Bruce: I'll check it out. I don't think ACID is causing my performance 
problems across the wire though, so until I get those fixed, the 
reporting mechanism is sort of tinsel on the tree.

Briggs, Bruce wrote:

>I believe that BASE is supposed to perform better than ACID.
>It is generally recommended to use BASE instead of ACID.
>BASE is being improved with new releases.

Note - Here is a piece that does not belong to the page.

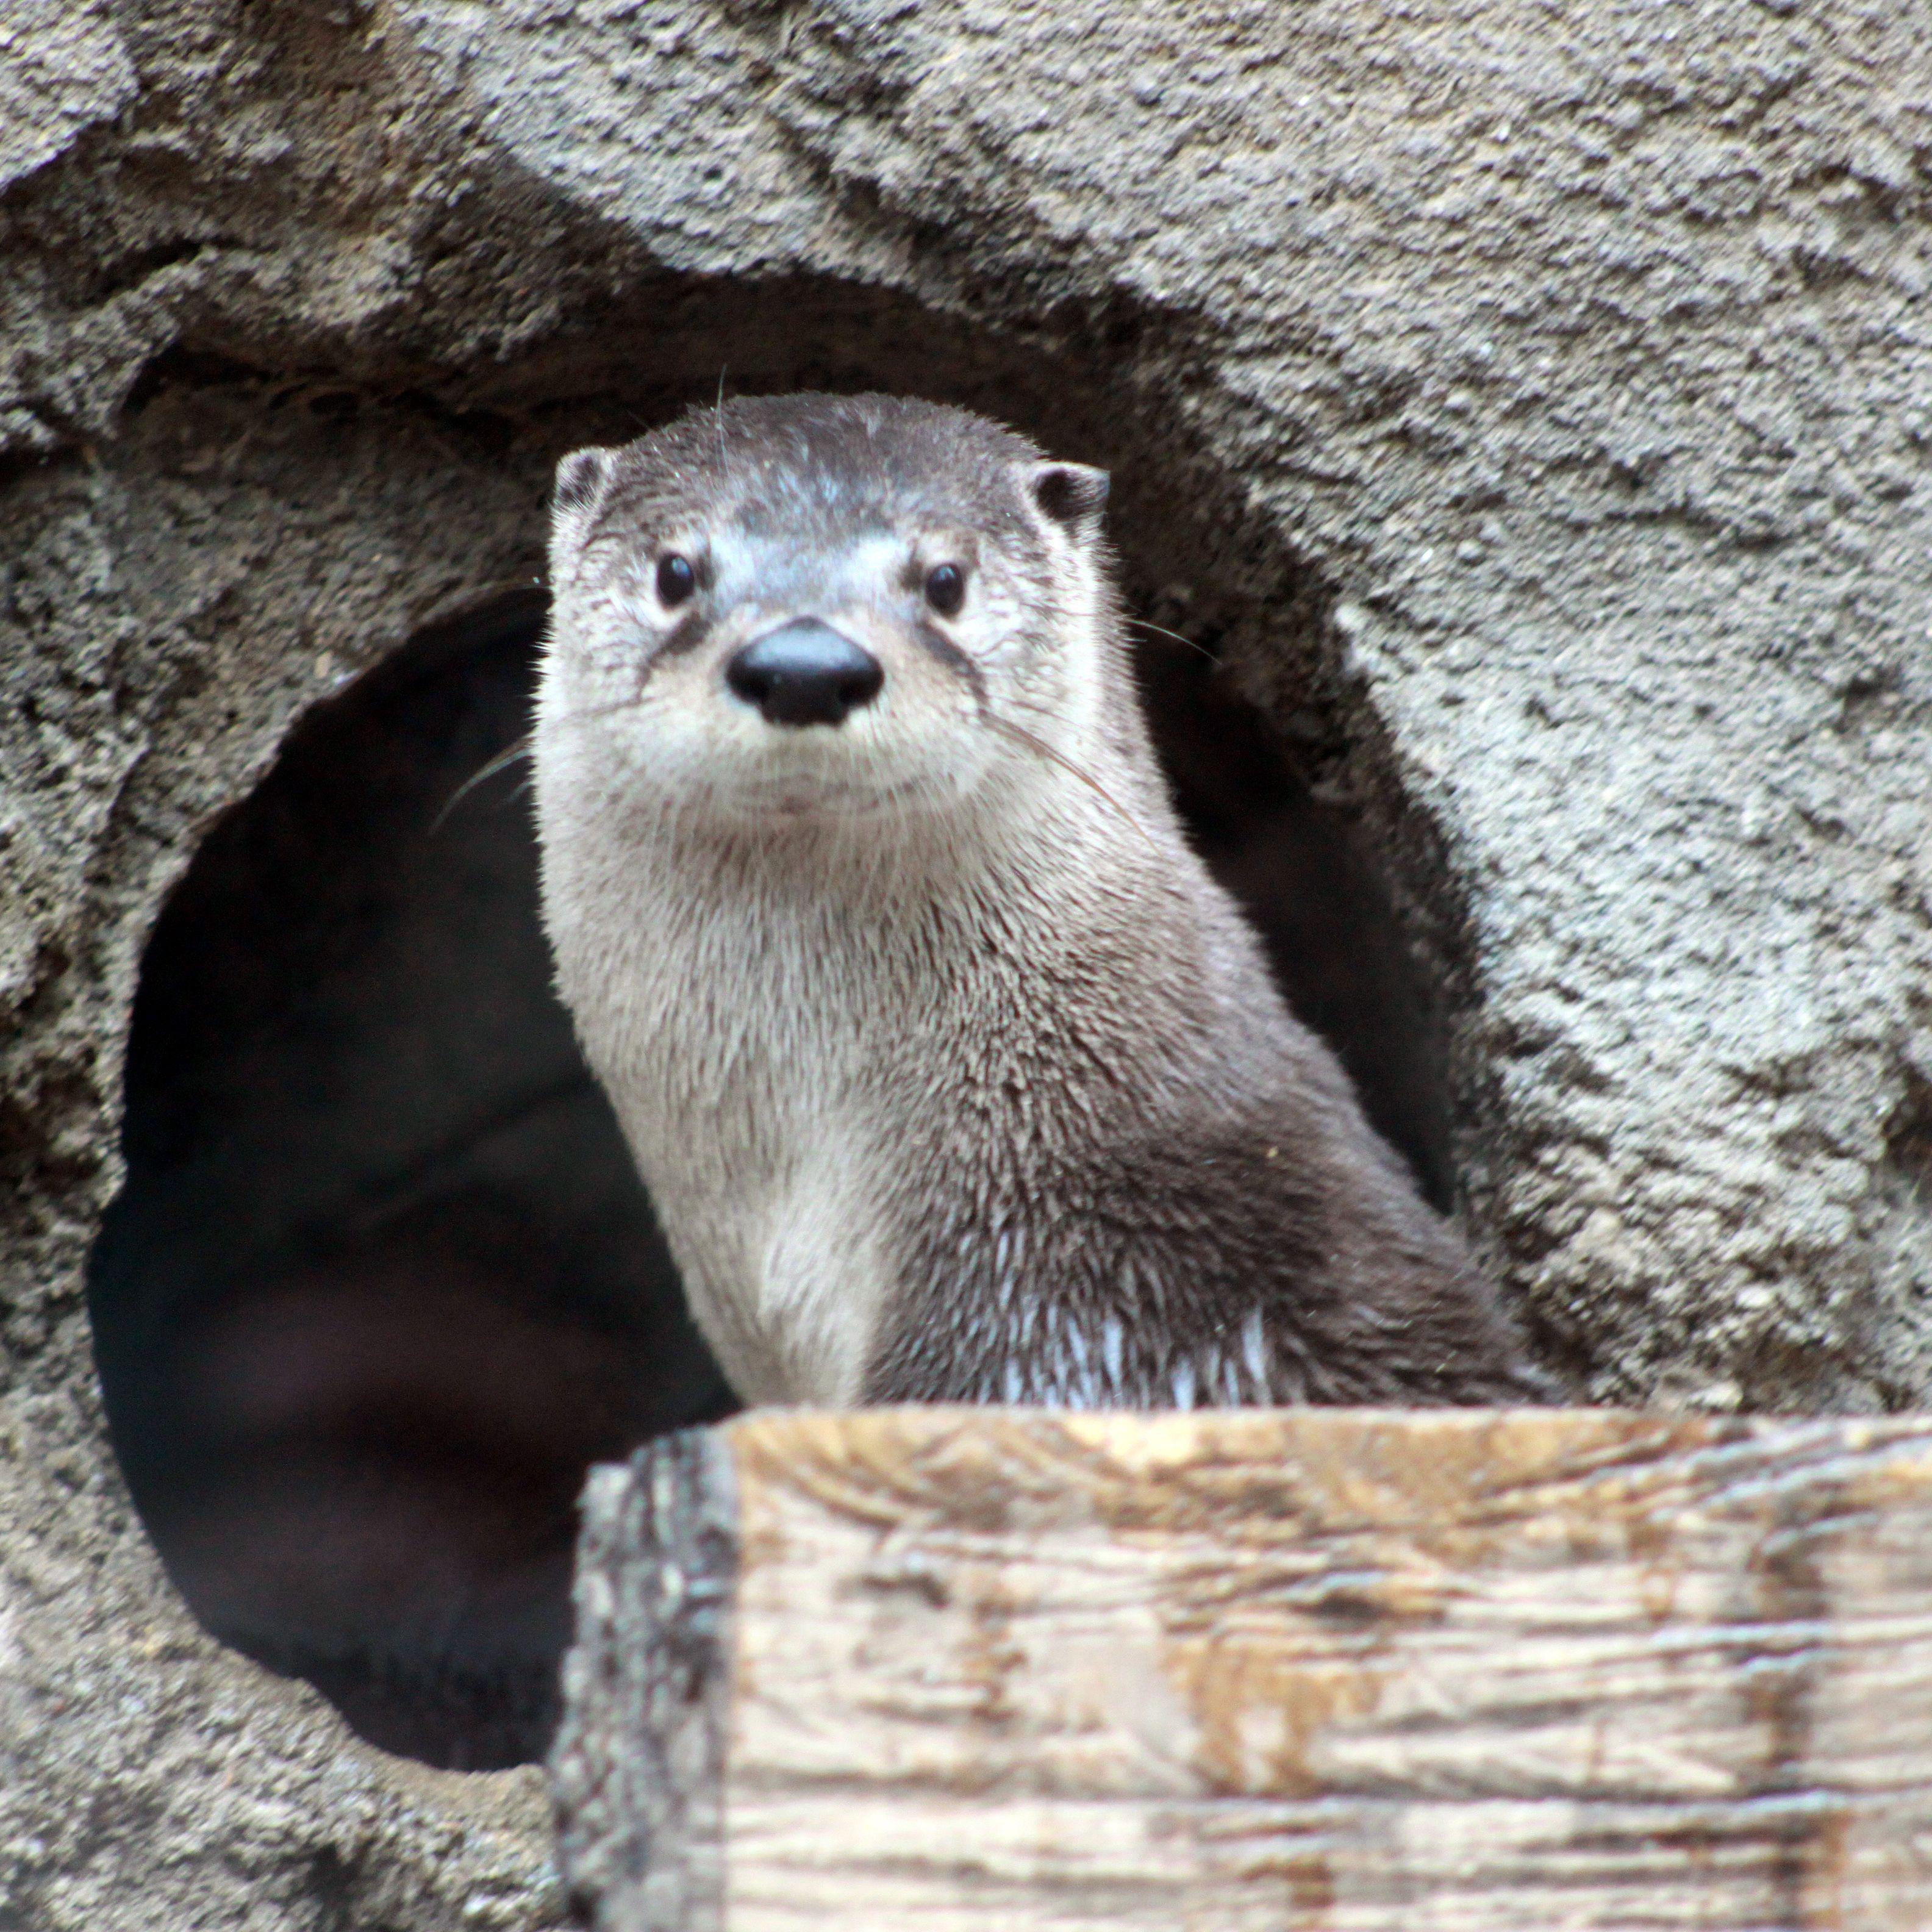 Richard the Otter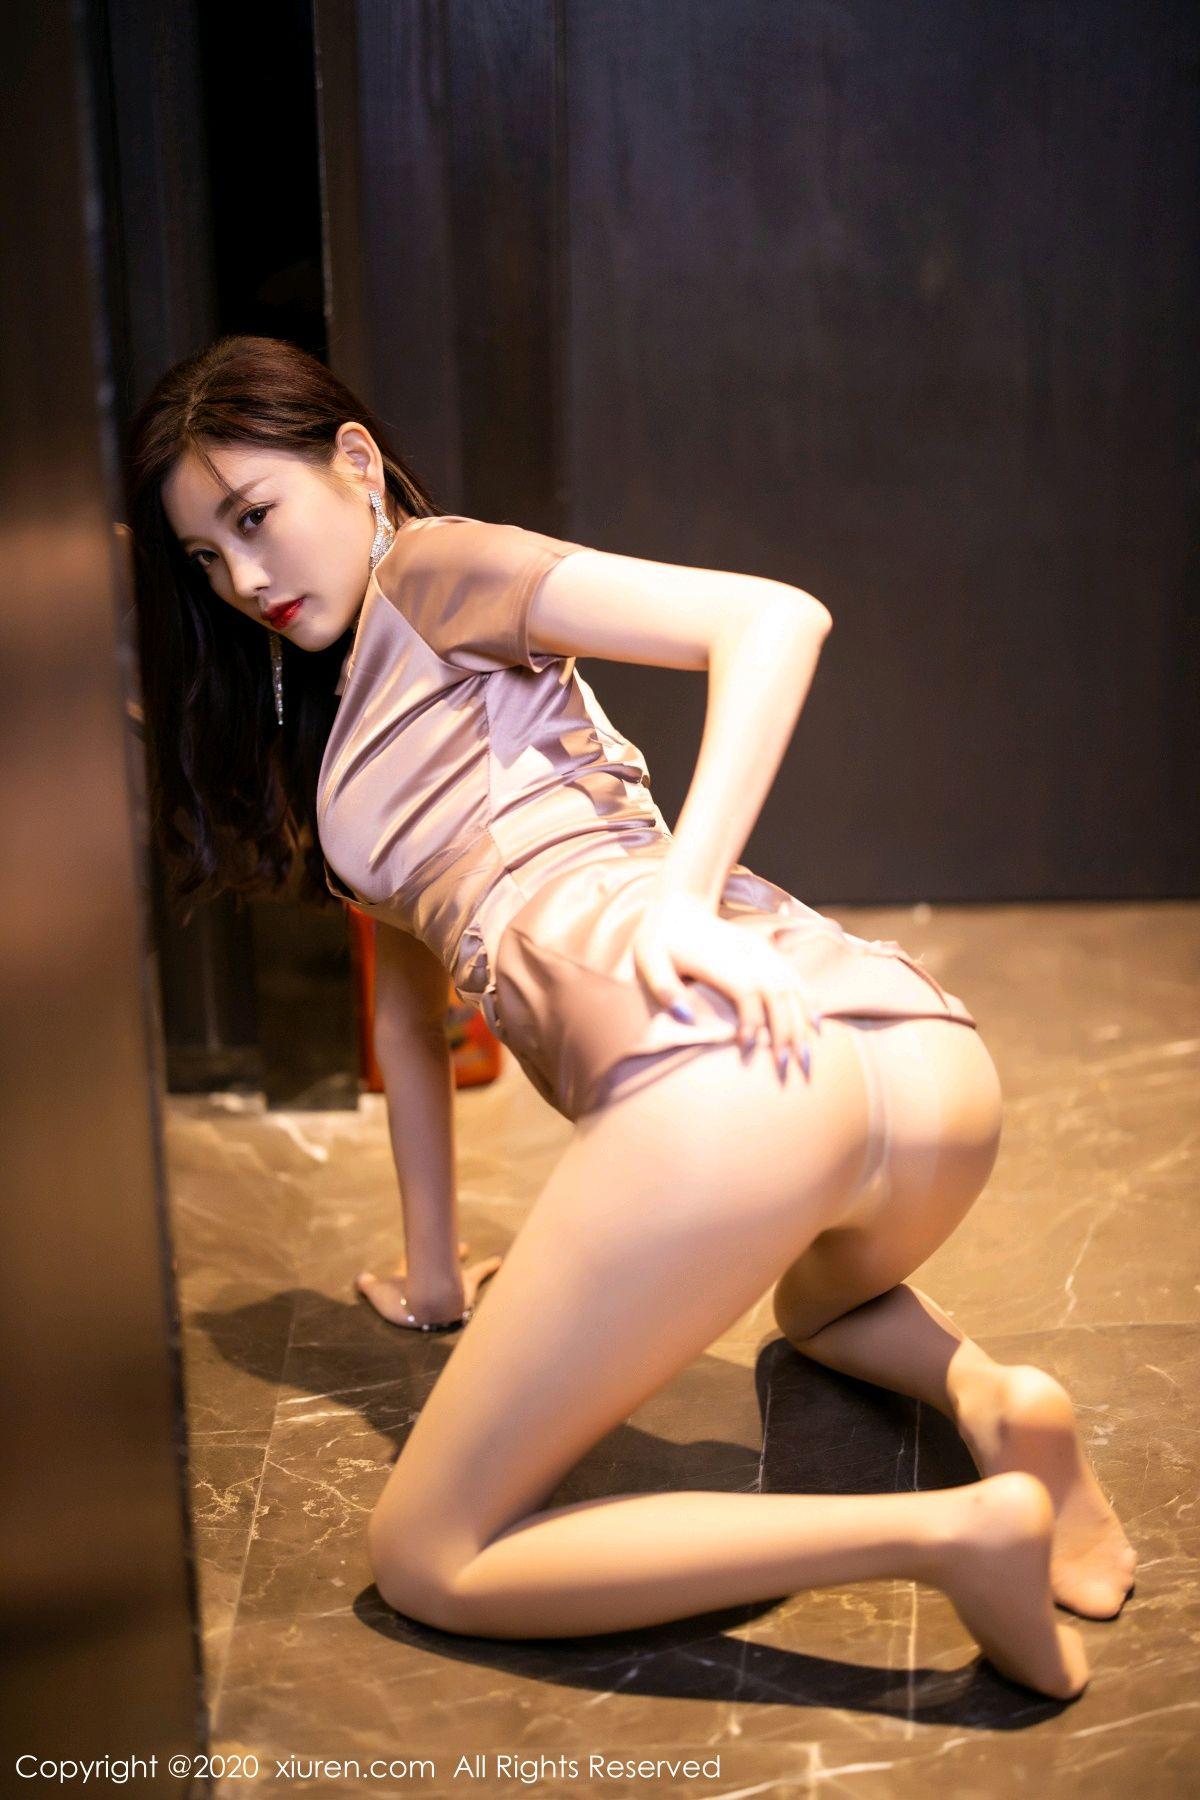 [XiuRen] Vol.2587 Yang Chen Chen 71P, Underwear, Xiuren, Yang Chen Chen

ACID is not.
>
>Bruce
>
>-----Original Message-----
>From: snort-users-admin at lists.sourceforge.net
>[mailto:snort-users-admin at lists.sourceforge.net] On Behalf Of Matt
>Linton
>Sent: Thursday, August 25, 2005 11:46 AM
>To: Will Metcalf
>Cc: Snort-users at lists.sourceforge.net
>Subject: Re: [Snort-users] Snort-Inline, IPTables and Performance
>
>
>With "ACCEPT" instead of "QUEUE" for all the rules, I get almost exactly
>
>the same throughput (+/- about 3k/sec).
>
>My hardware is pretty robust, so I'm skeptical that it's the limiting 
>factor.  Dell PowerEdge 2650, 2GB RAM, Dual Xeon 3.06GHz processors, 
>Dual Broadcom 57xx Gigabit adapters for the network side (on board), and
>
>it's 100% dedicated to snort-inline/ACID.
>
>Current stats are:  load average: 0.14, 0.07, 0.02   free memory: 1.3GB,
>
>CPU 99.5% Idle
>
>This box should definately be able to push at least 25 megabits.  The 
>switch on one side and router interface on the other side are both 100Mb
>
>full, and the actual pipe to them is a T3.
>
>I'm thinking that perhaps iptables itself has some default memory 
>limits, or bandwidth throttling, that I may have triggered or can 
>overcome somehow through config adjustments, but I must confess I'm not 
>an iptables expert.
>
>Will Metcalf wrote:
>
>  
>
>>What kind of throughput do you get if you don't QUEUE your data but
>>just send it through the   firewall or bridge?  I guess what I mean is
>>do you see the 2.5mbs if you change you QUEUE rules to ACCEPT rules? 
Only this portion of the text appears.